Она вдруг немного струсила — слишком уж горестно-серьезно у него все это прозвучало, без привычной легкой насмешливости. Даже растерялась как-то. И ничего лучшего не нашла, как проговорить неуклюже:
— А вы расскажите, Иван… Возьмите да расскажите… Как вы мне утром советовали — облачайте свои грешные думы в слова, не стесняйтесь.
— А вам интересно?
— Ну я же про себя рассказала! Думаете, мне легко было?

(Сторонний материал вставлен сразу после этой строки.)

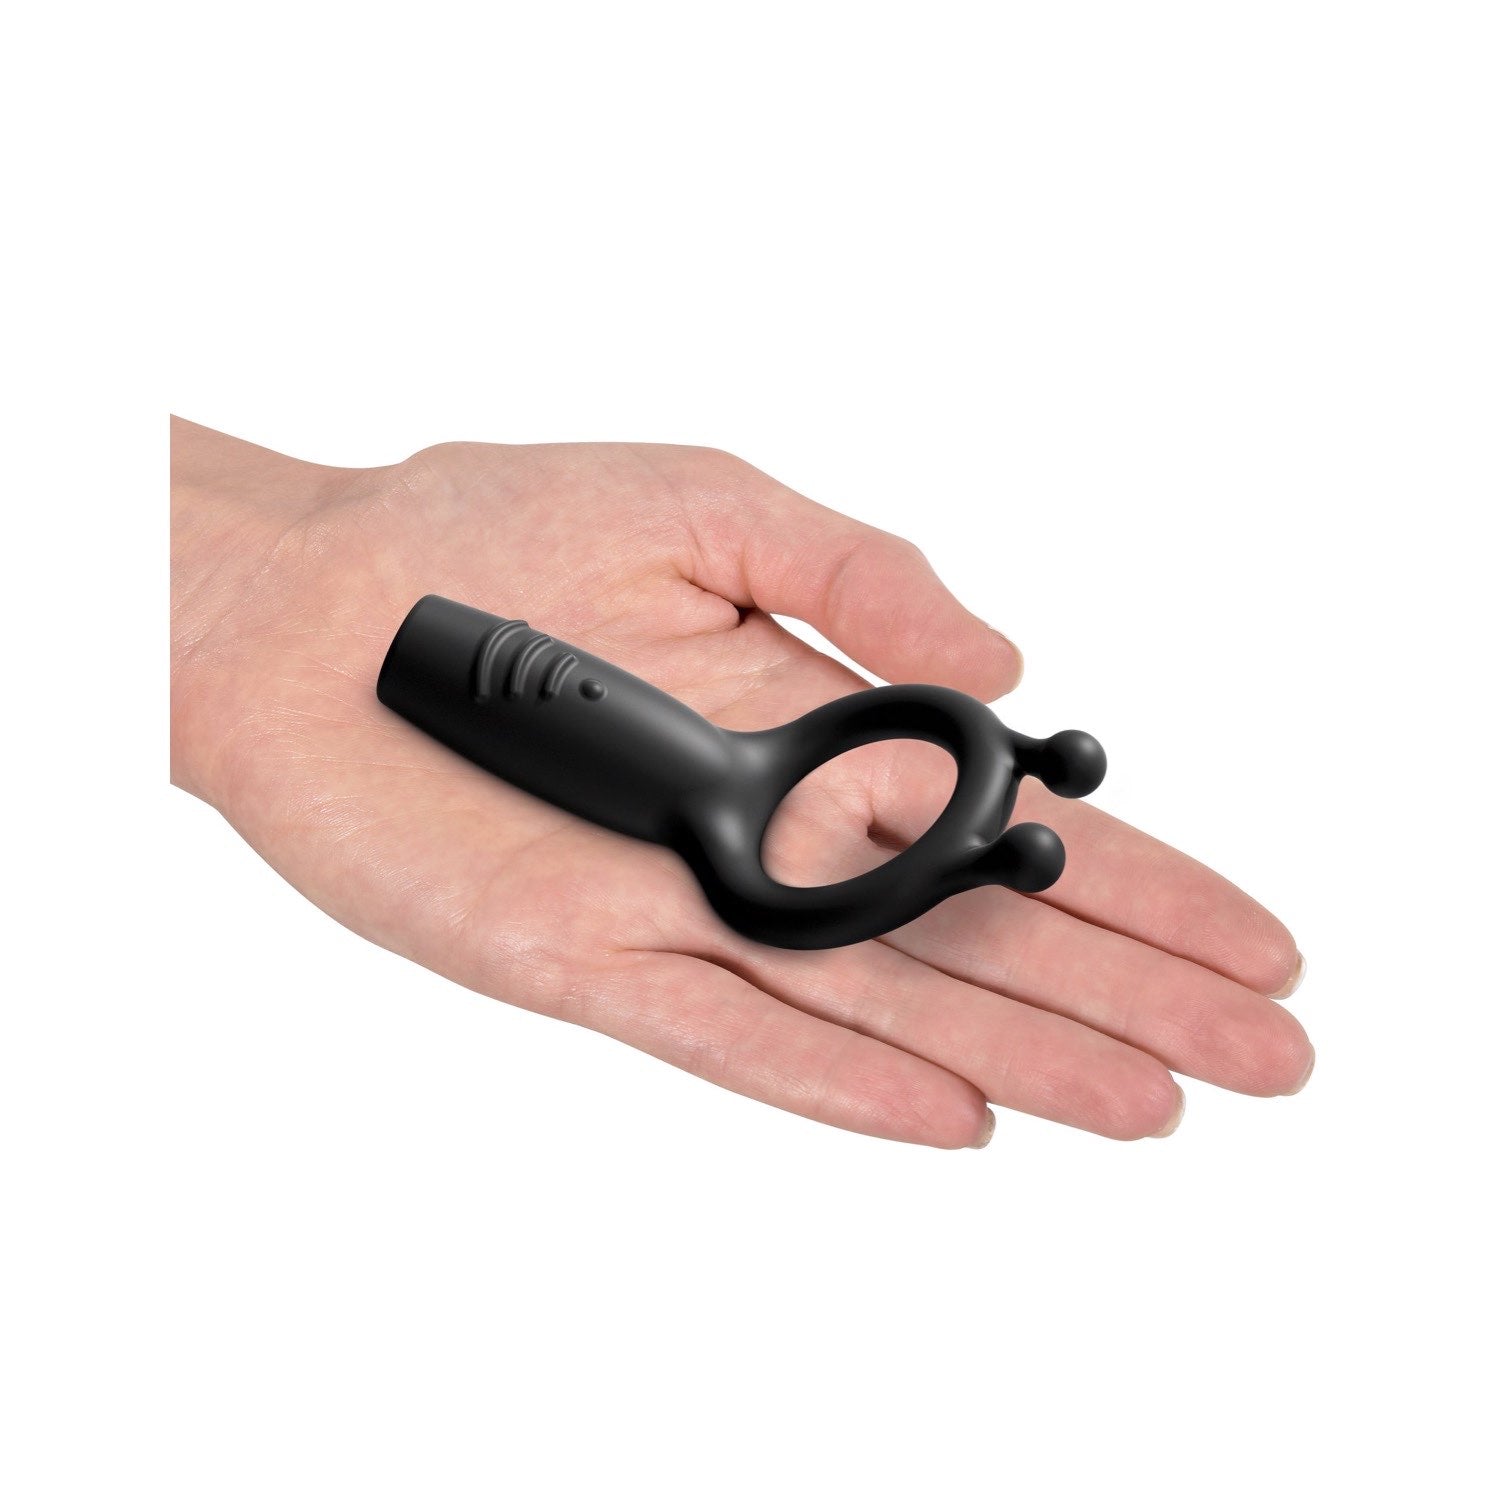 Sir Richards Vibrating Silicone Super C-Ring - Grey USB Rechargeable Vibrating Cock Ring by Pipedream
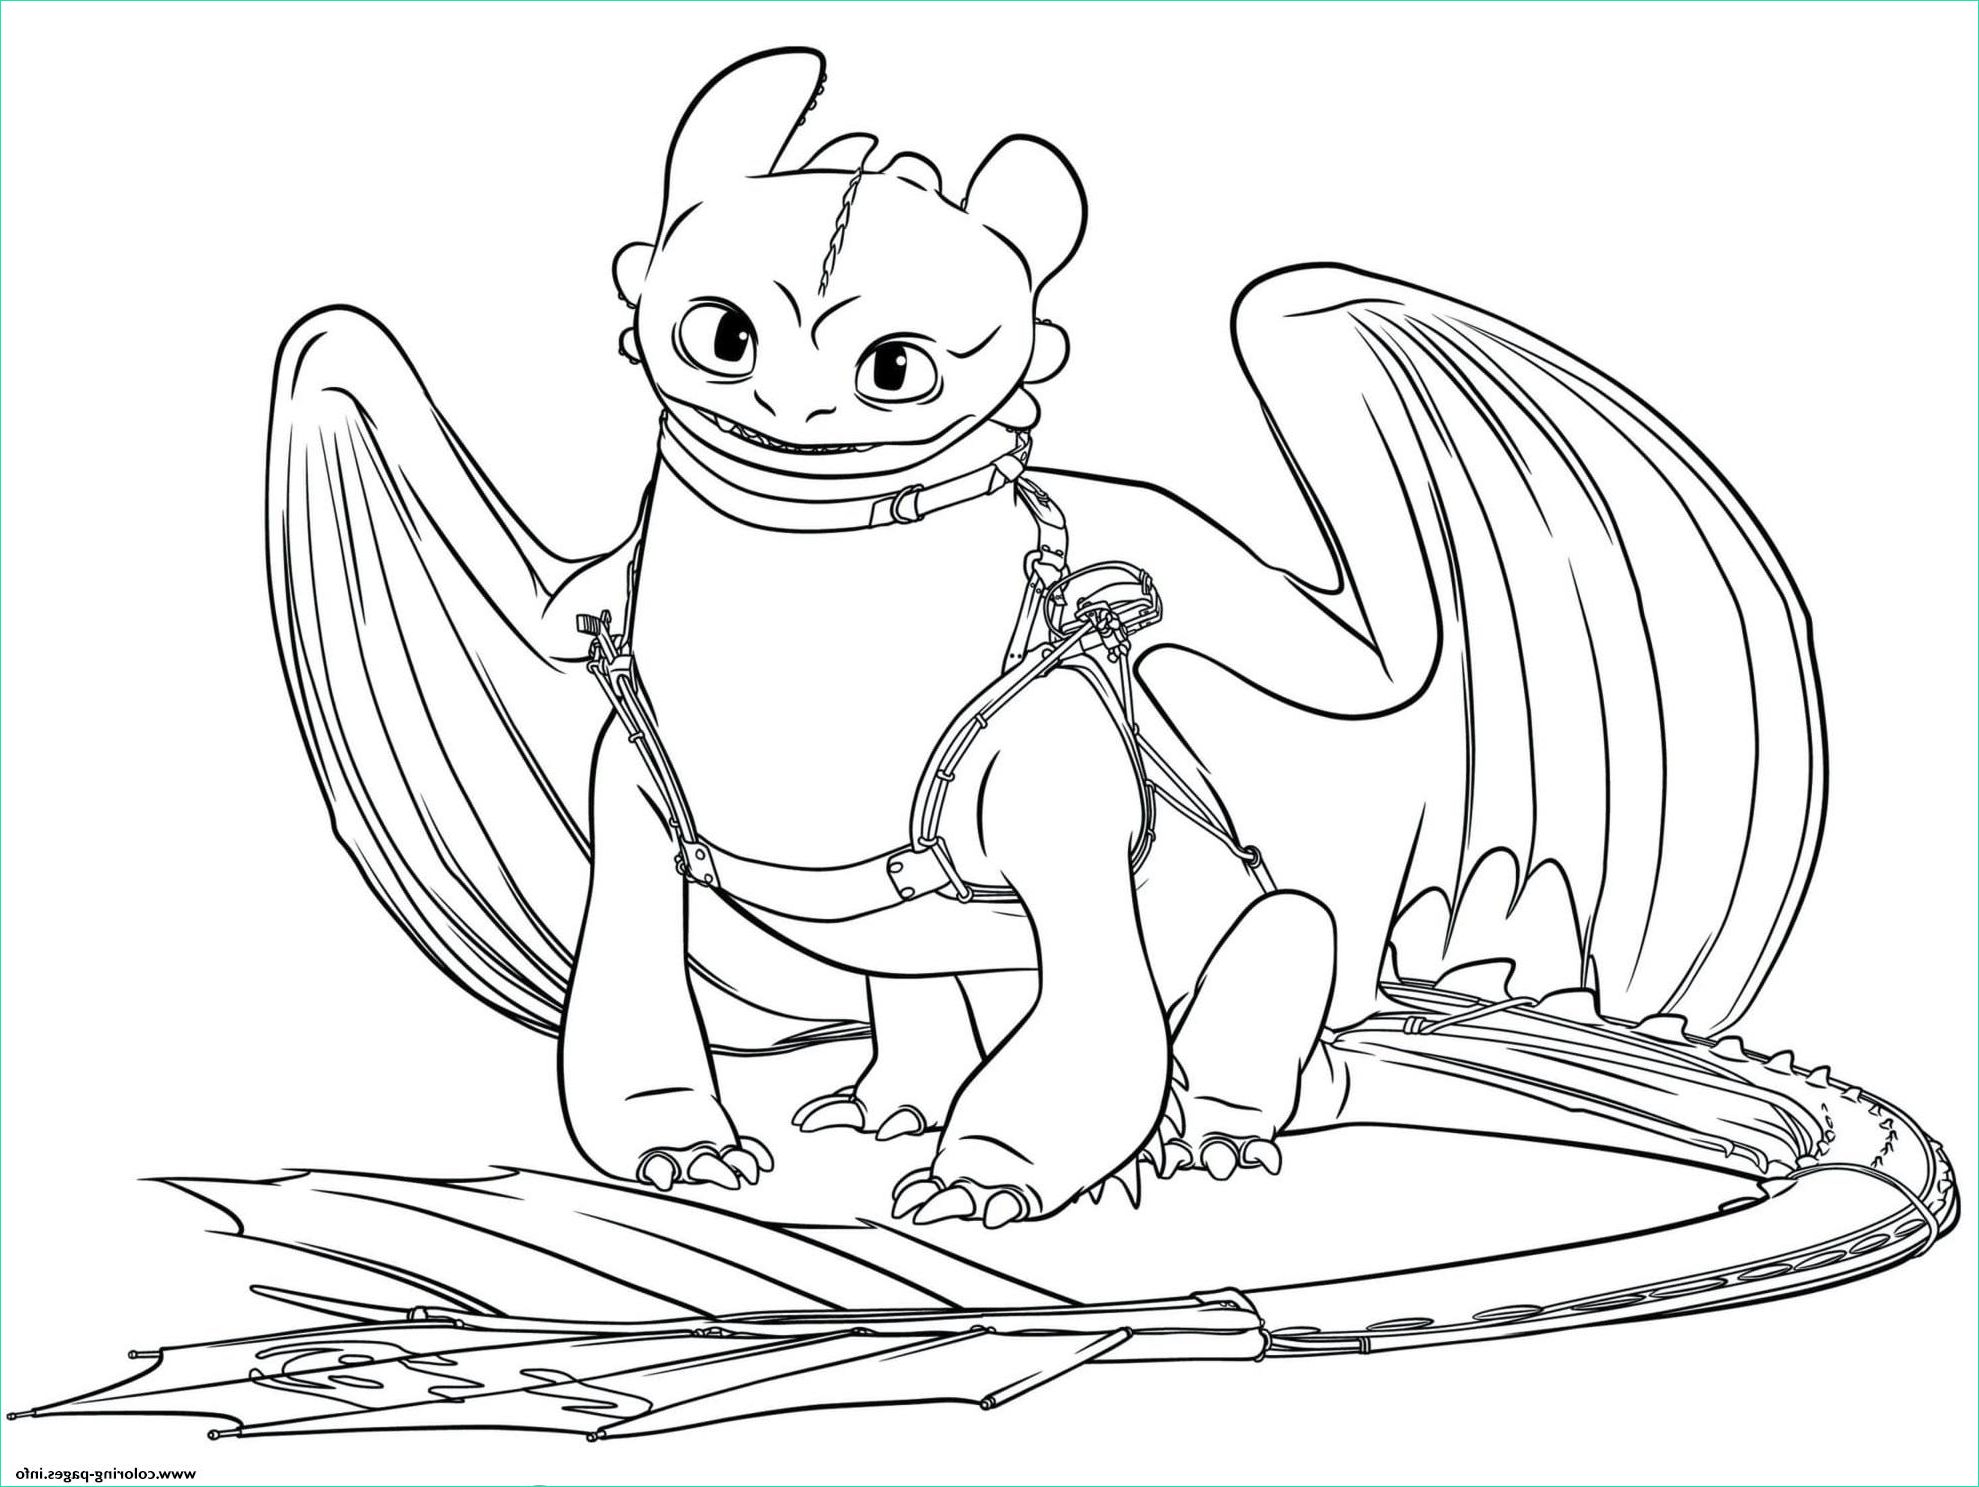 Dessin De Dragon Impressionnant Photos toothless Dragon 3 Coloring Pages Printable

— Ну да. Что ж, раз пошла такая пьянка… Ладно, попробую. Может, и вы из моего рассказа что-нибудь для себя возьмете. Вы не очень замерзли?
— Нет. Совсем нет.
Он повел плечами, вздохнул, будто собираясь с духом. Она глянула на него сбоку — ни следа от прежней легкой иронии на лице не осталось. Весь словно собрался, сосредоточился тяжело…
— Знаете, я по молодости очень был самолюбивый мужик, амбициозный. Такие планы наполеоновские на жизнь строил — сейчас вспоминать смешно… После института с чиновничьей карьерой потрепыхался, потом, как все шибко амбициозные, в бизнес ушел. Хотелось всего много и сразу — власти, денег… Чего там еще… Ну, в общем, не в этом суть. А суть в том, что я на этом грешном пути трех женщин предал. Трех жен. И четверых детей от этих трех жен. Уходил в один день, не задумываясь, оставлял после себя выжженное поле. И никогда на это поле не возвращался. Что там взросло — мне и дела не было… Уф-ф, как трудно все это проговаривать, даже самому уши режет…
— Да уж… Трудно, я понимаю.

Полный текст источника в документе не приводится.